Activity =>
From the first line to the last, restate the data exactly, leaving out the images.

Supplied information =>
# # # # # # #

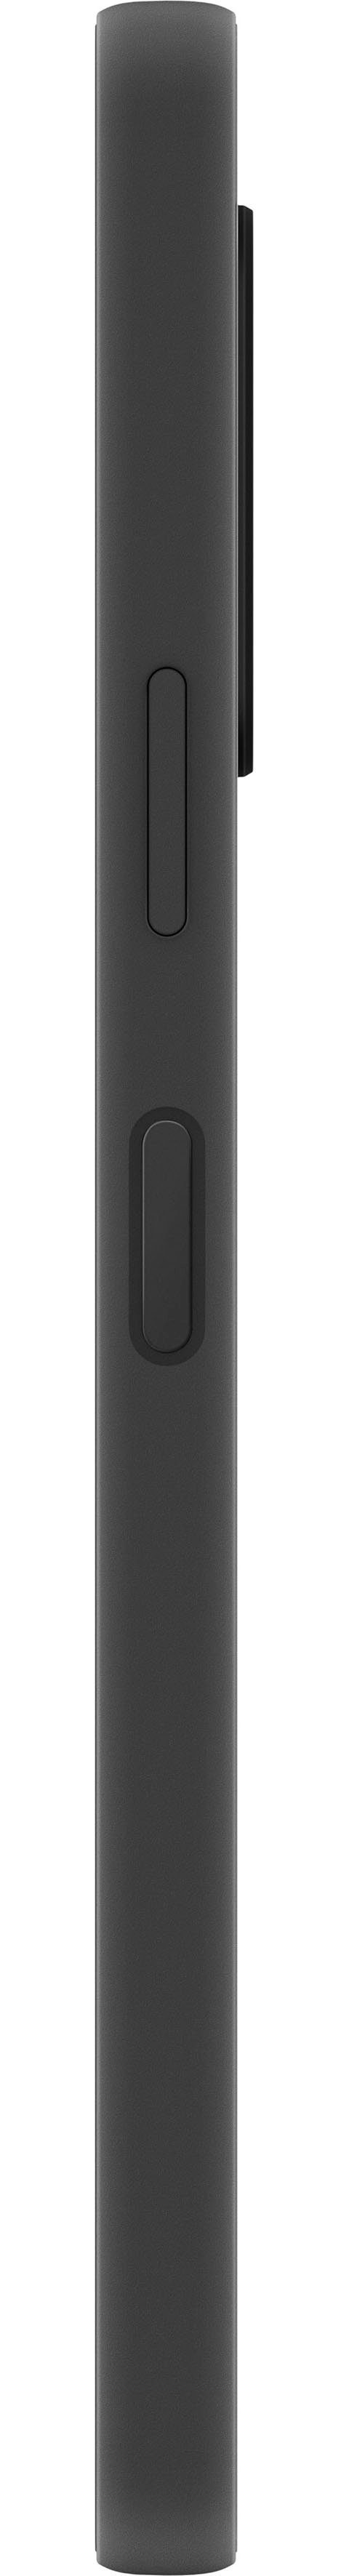 Sony XPERIA 128 48 Smartphone GB Gojischwarz 10V Speicherplatz, Zoll, Kamera) (15,5 cm/6,1 MP
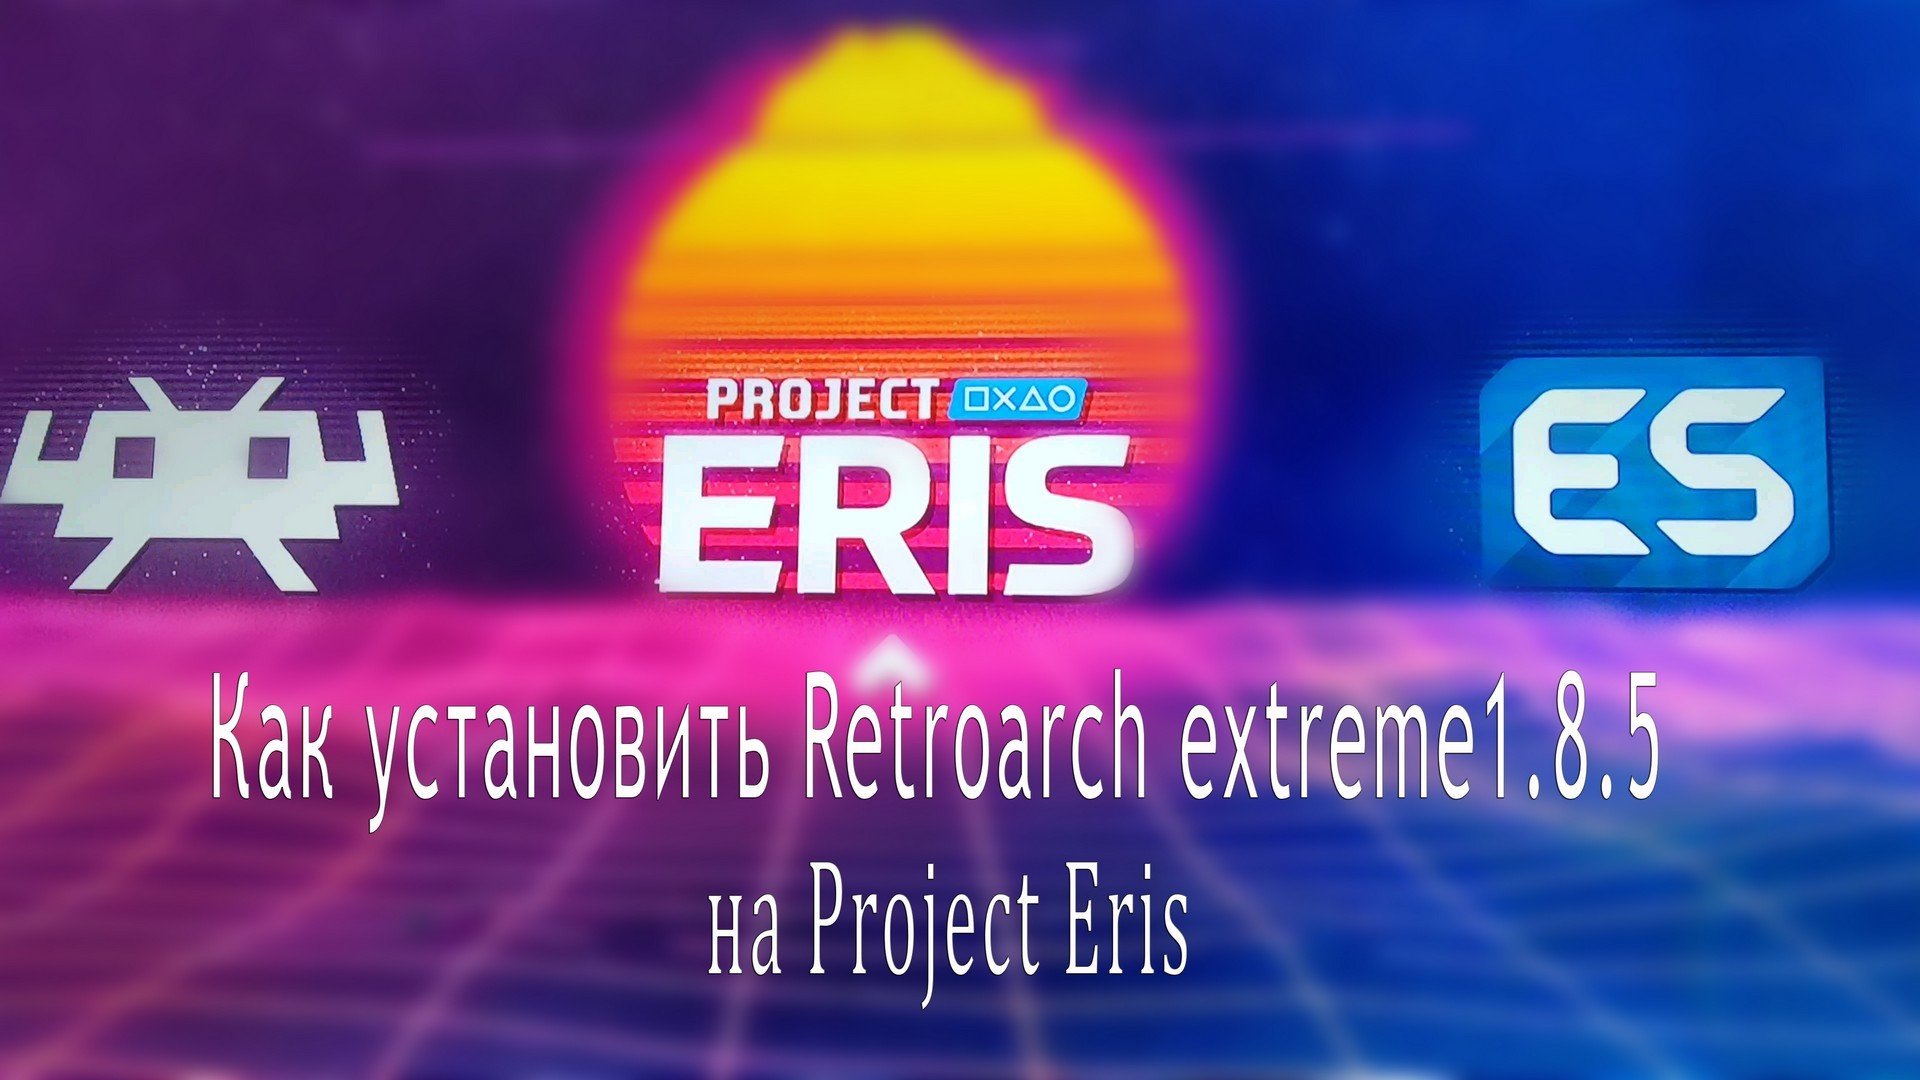 Как установить Retroarch extreme1.8.5 на Project Eris
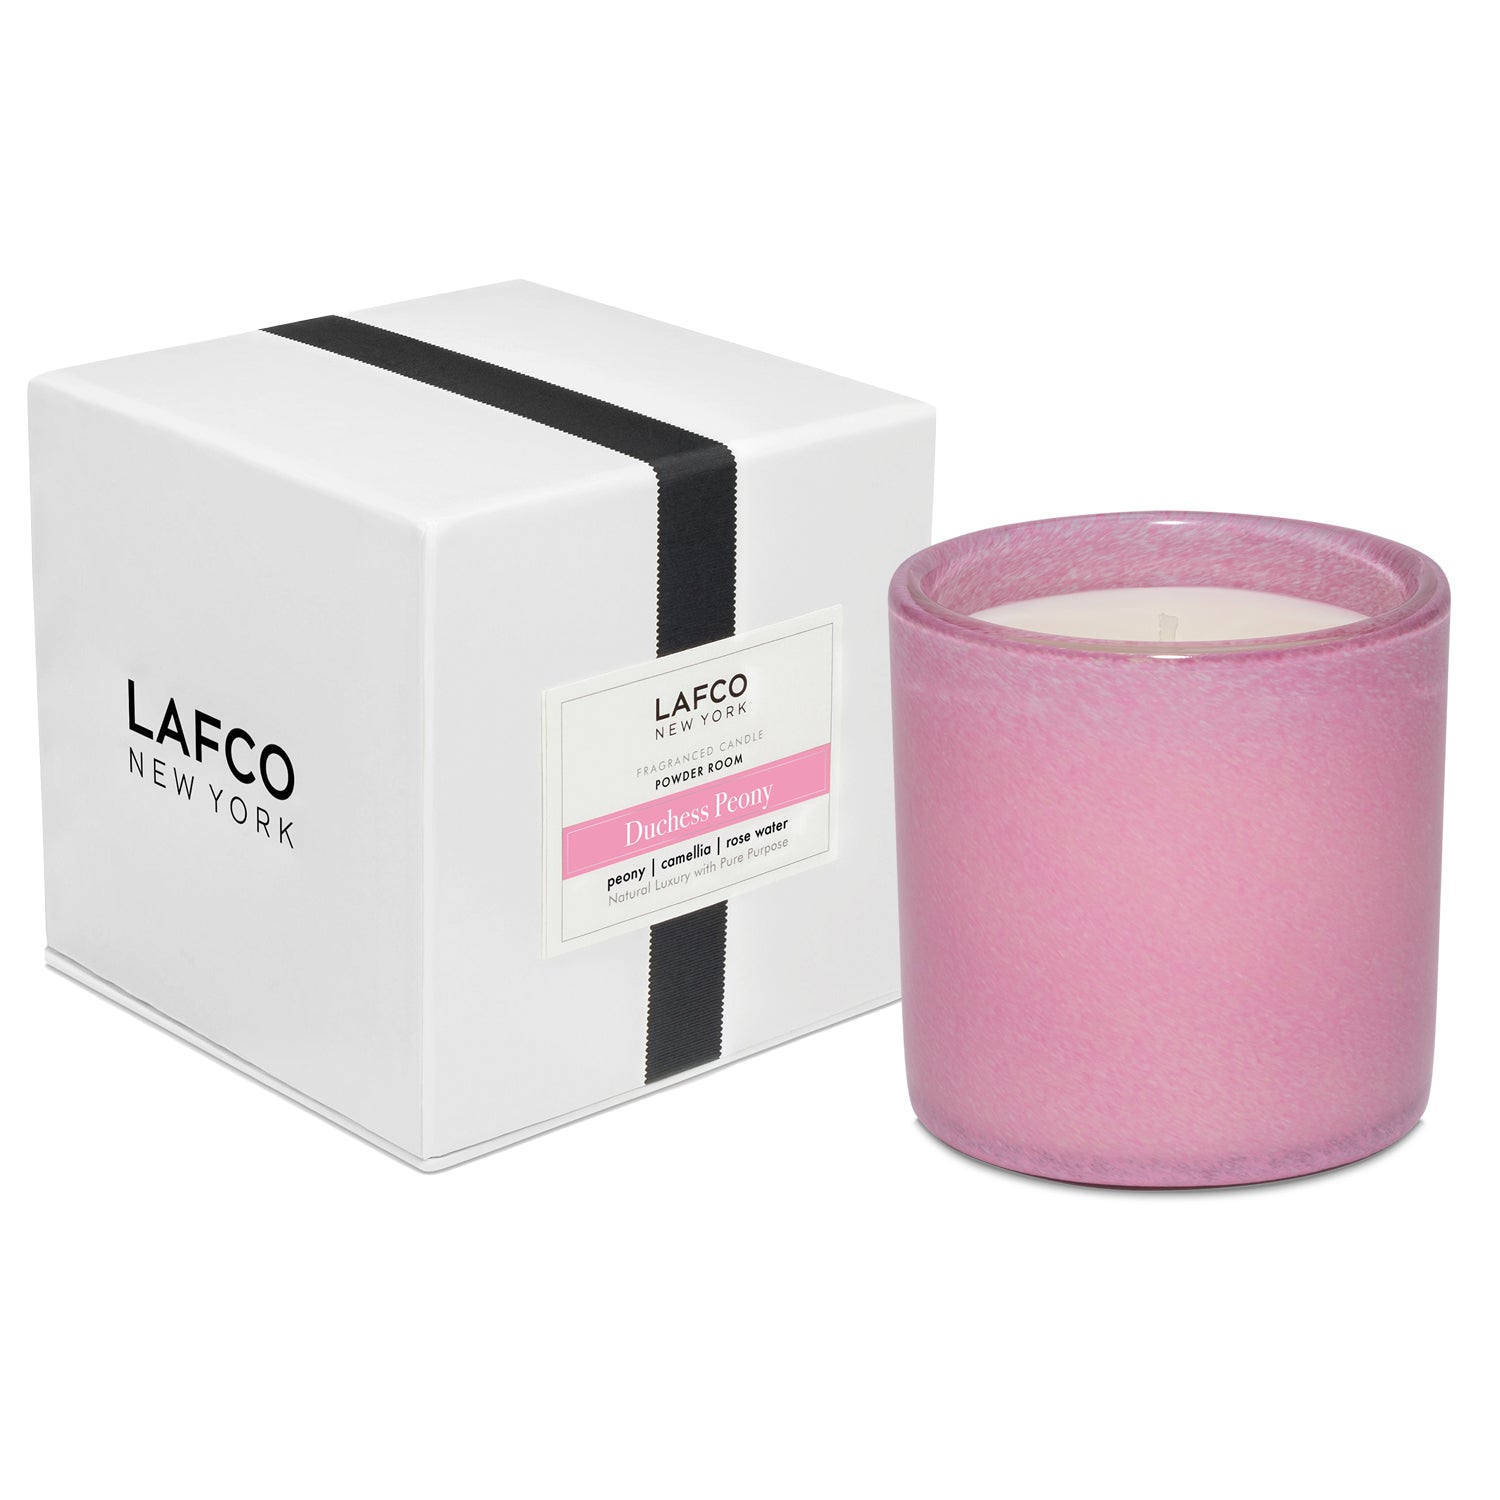 LAFCO 15.5 oz Powder Room (Duchess Peony) Candle

# # # # # # #

Completed task =>
 Sony XPERIA 128 48 Smartphone GB Gojischwarz 10V Speicherplatz, Zoll, Kamera) (15,5 cm/6,1 MP
 Как установить Retroarch extreme1.8.5 на Project Eris
 LAFCO 15.5 oz Powder Room (Duchess Peony) Candle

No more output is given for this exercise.